Department of Neurology and Neurosurgery, University Medical Center Utrecht, Room H02.128, PO Box 85500, 3508 GA Utrecht, The Netherlands.
Stroke. 2013 May;44(5):1288-94. doi: 10.1161/STROKEAHA.113.001125. Epub 2013 Mar 19.
To develop and validate a risk chart for prediction of delayed cerebral ischemia after aneurysmal subarachnoid hemorrhage based on admission characteristics.
For derivation of the risk chart, we studied data from 371 prospectively collected consecutive subarachnoid hemorrhage patients with a confirmed aneurysm admitted between 1999 and 2007. For its validation we similarly studied 255 patients admitted between 2007 and 2009. The predictive value of admission characteristics was tested in logistic regression models with delayed cerebral ischemia-related infarction as primary outcome. Procedure-related infarctions were not included. Performance of the models was tested by discrimination and calibration.
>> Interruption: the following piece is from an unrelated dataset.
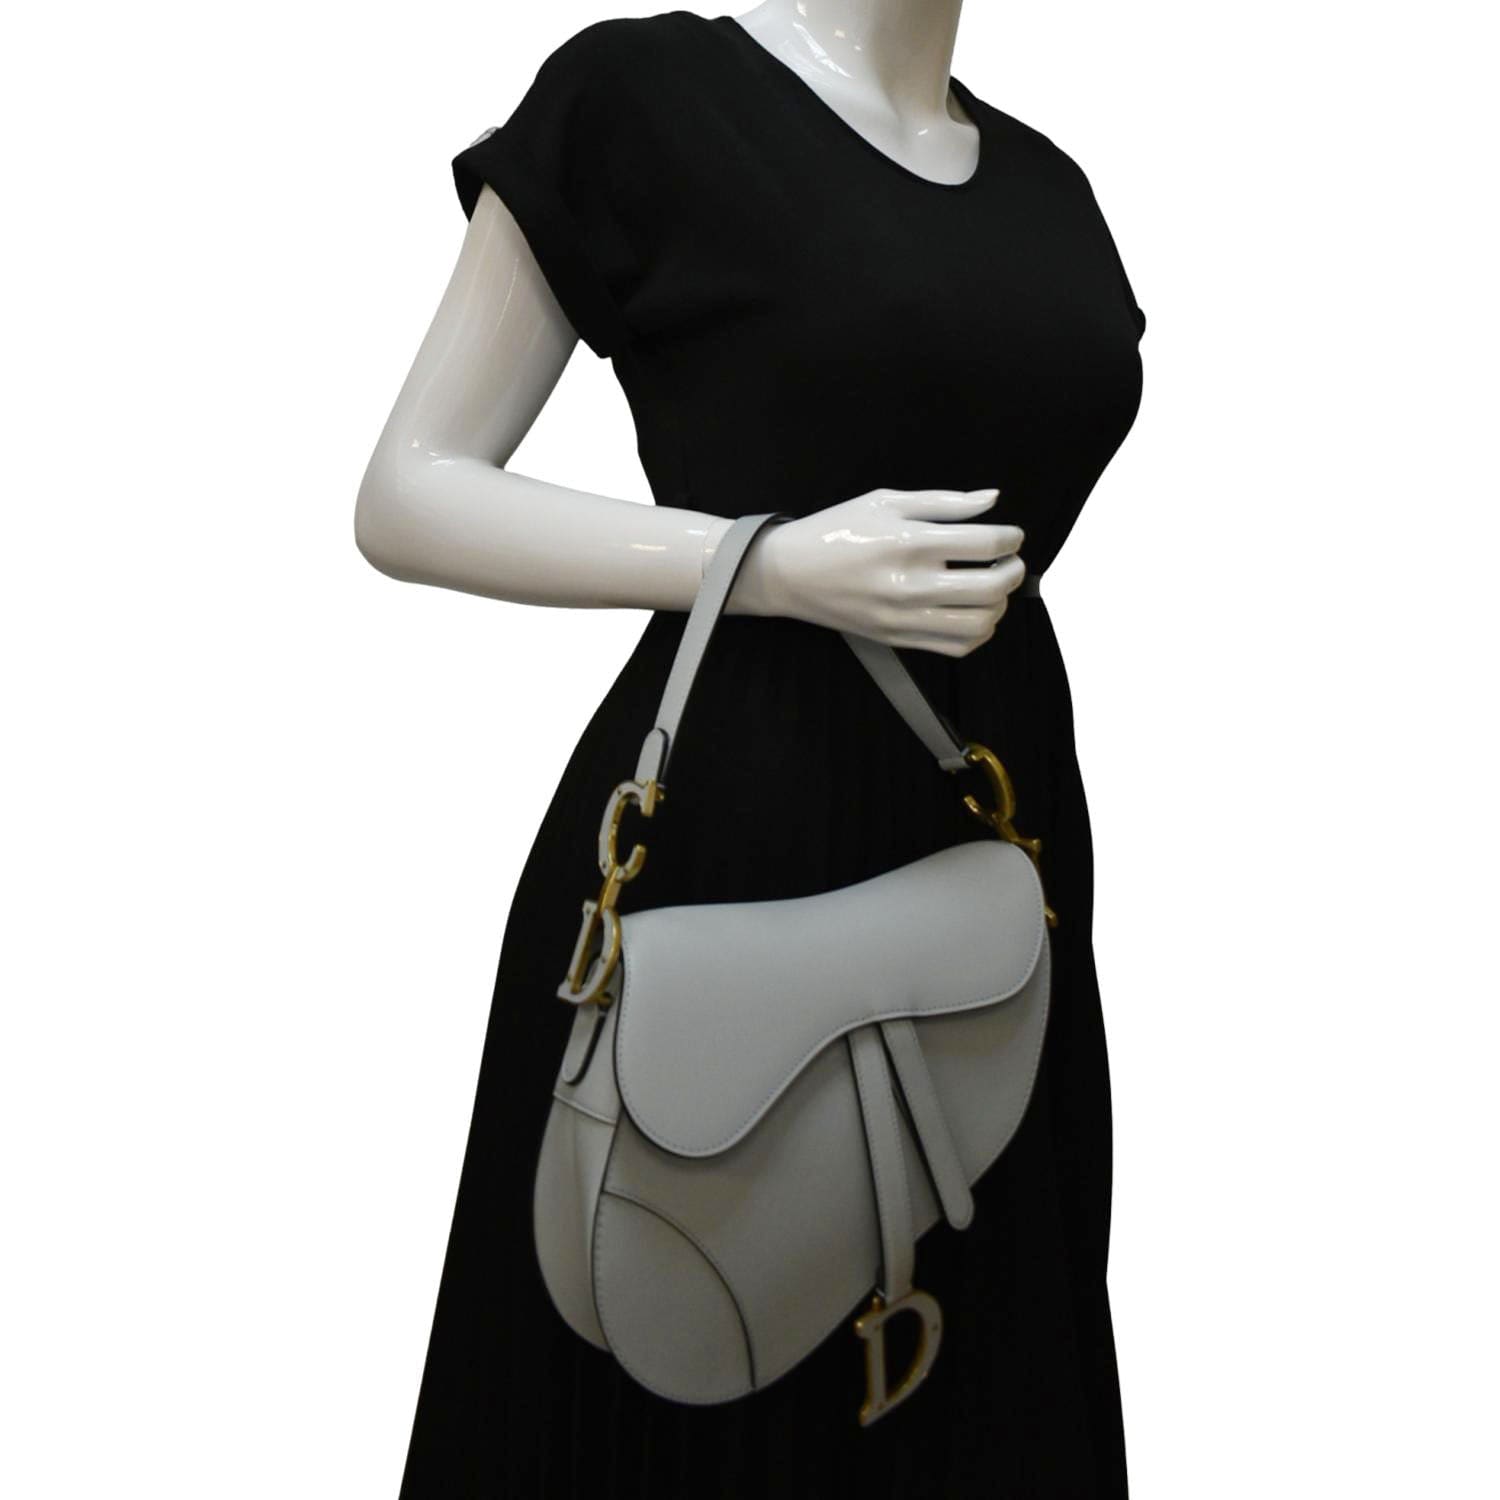 Christian-Dior-Saddle-Bag-Leather-Shoulder-Bag-Hand-Bag-Black

On the basis of these models, a risk chart was developed for application in clinical practice.
The strongest predictors were clinical condition on admission, amount of blood on computed tomography (both cisternal and intraventricular) and age. A model that combined these 4 predictors had an area under the receiver operating characteristic curve of 0.63 (95% confidence interval, 0.57-0.69). This model improved little by including current smoking and hyperglycemia on admission (area under the receiver operating characteristic curve, 0.65; 95% confidence interval, 0.59-0.71). The risk chart predicted risks of delayed cerebral ischemia-related infarction varying from 12% to 61%. Both low risk (<20% risk) and high risk (>40% risk) were predicted in ≈20% of the patients. Validation confirmed that the discriminative ability was adequate (area under the receiver operating characteristic curve, 0.69; 95% confidence interval, 0.61-0.77).
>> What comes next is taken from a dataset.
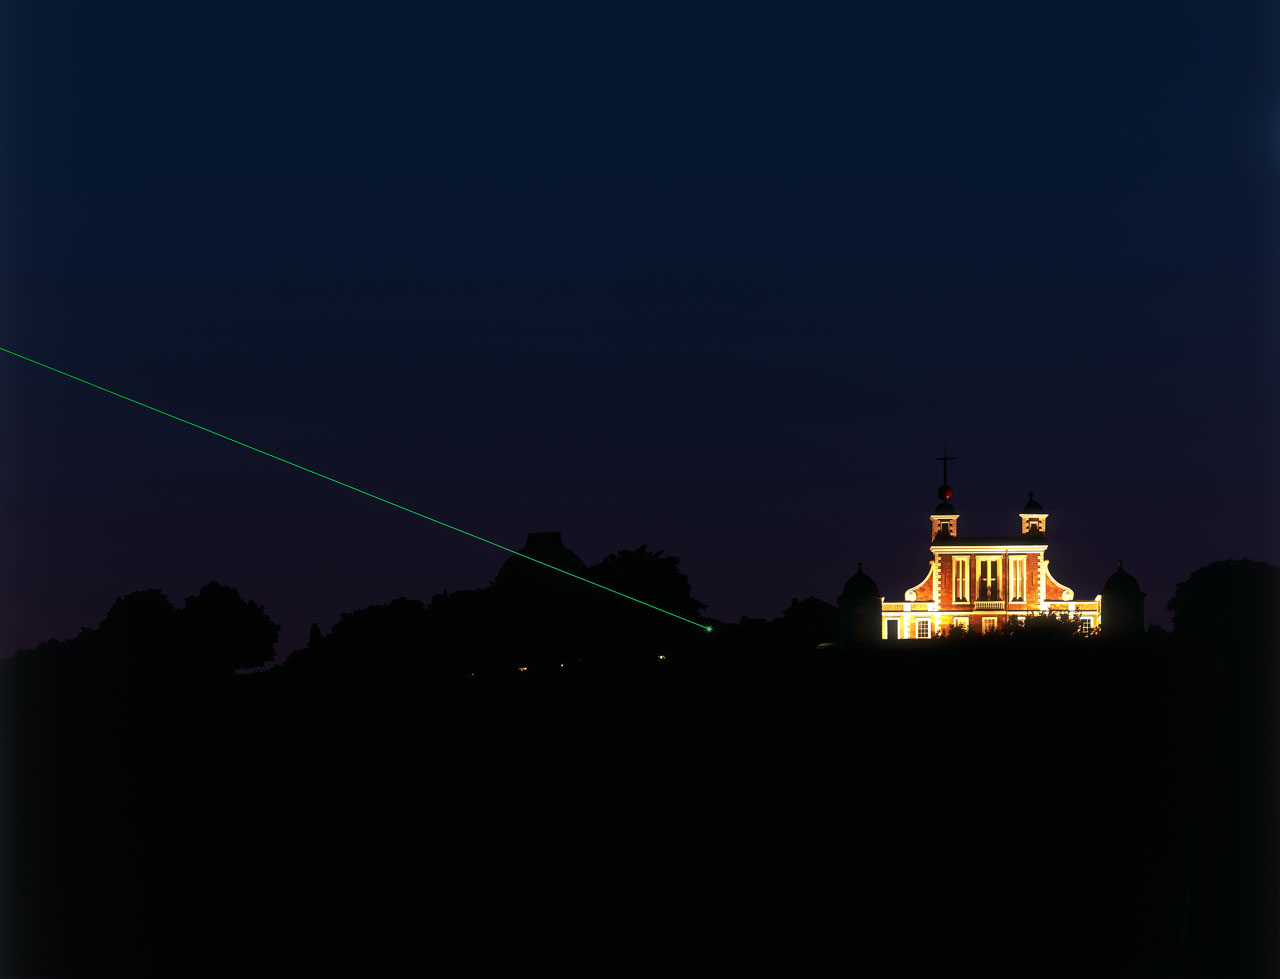 Гринвичская обсерватория и лазер Нулевого меридиана
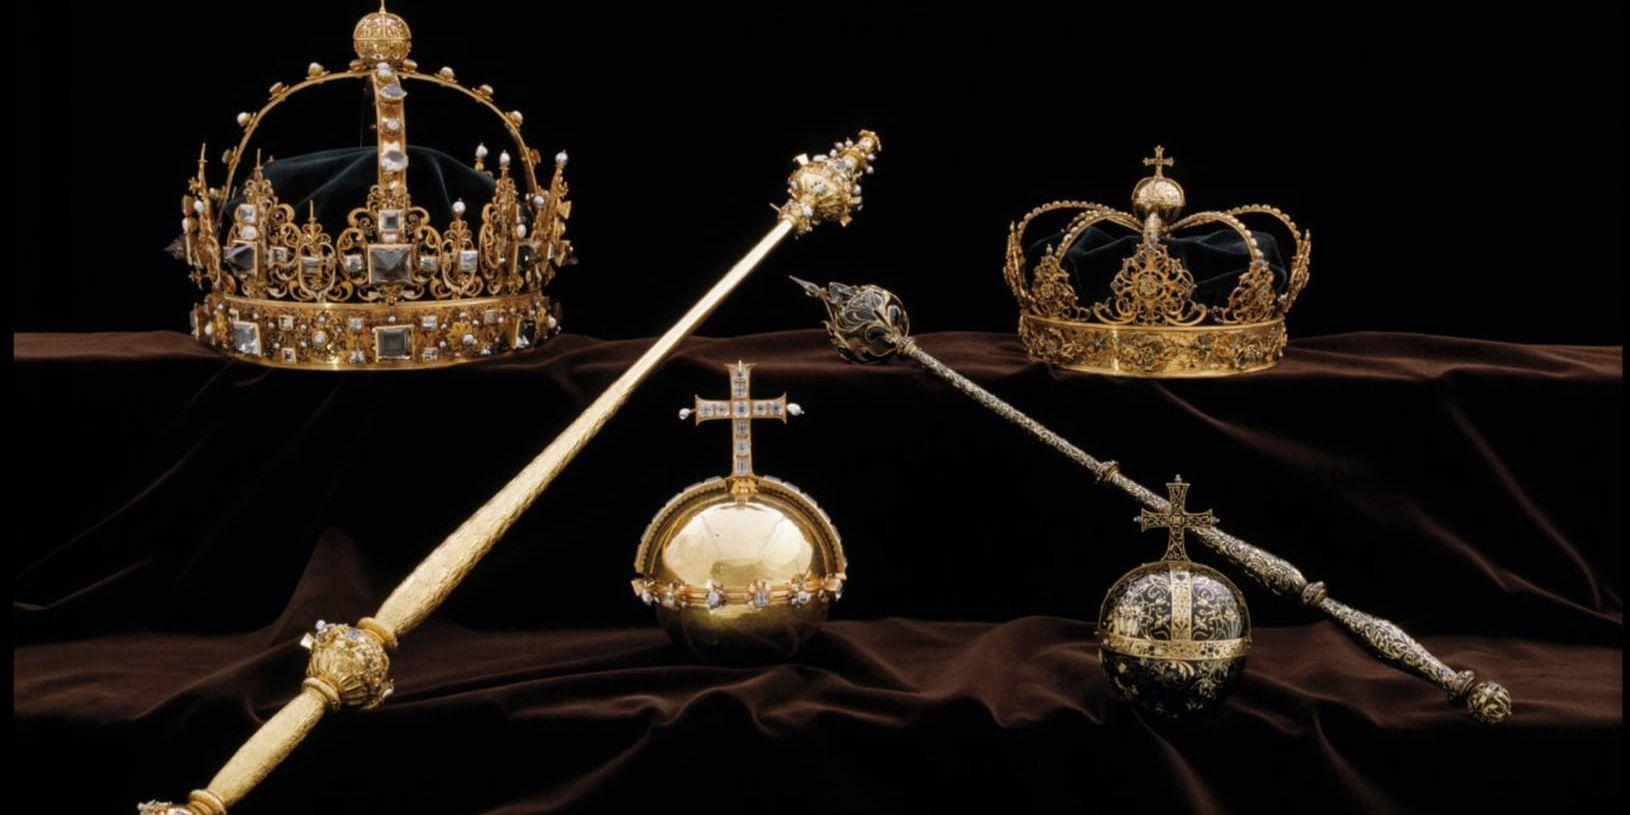 Karl IX och drottning Kristina den äldres begravningsregalier förvarades i Strängnäs domkyrka. Under en kupp i somras stals de två kronorna och ett riksäpple ur en glasmonter i kyrkan. Bild: Polisen.

Absolute risks of delayed cerebral ischemia-related infarction can be reliably estimated by a simple risk chart that includes clinical condition on admission, amount of blood on computed tomography (both cisternal and intraventricular), and age.
基于入院特征,开发并验证一种用于预测颅内动脉瘤性蛛网膜下腔出血后迟发性脑缺血的风险图表。
为了推导风险图表,我们研究了 1999 年至 2007 年间连续前瞻性收集的 371 例确诊颅内动脉瘤伴蛛网膜下腔出血患者的数据。为了验证其有效性,我们同样研究了 2007 年至 2009 年间收治的 255 例患者。将与迟发性脑缺血相关的梗死作为主要结局,通过逻辑回归模型测试入院特征的预测价值。不包括与操作相关的梗死。通过区分度和校准来测试模型的性能。基于这些模型,开发了一个风险图表,用于临床实践。
最强的预测因素是入院时的临床状况、计算机断层扫描(脑池和脑室)中的出血量和年龄。结合这 4 个预测因素的模型,其受试者工作特征曲线下面积为 0.63(95%置信区间,0.57-0.69)。通过纳入入院时的当前吸烟和高血糖,该模型的预测值略有提高(受试者工作特征曲线下面积,0.65;95%置信区间,0.59-0.71)。风险图表预测迟发性脑缺血相关梗死的风险从 12%到 61%不等。约 20%的患者被预测为低风险(<20%的风险)和高风险(>40%的风险)。验证确认区分能力是充分的(受试者工作特征曲线下面积,0.69;95%置信区间,0.61-0.77)。
通过包括入院时的临床状况、计算机断层扫描(脑池和脑室)中的出血量和年龄在内的简单风险图表,可以可靠地估计迟发性脑缺血相关梗死的绝对风险。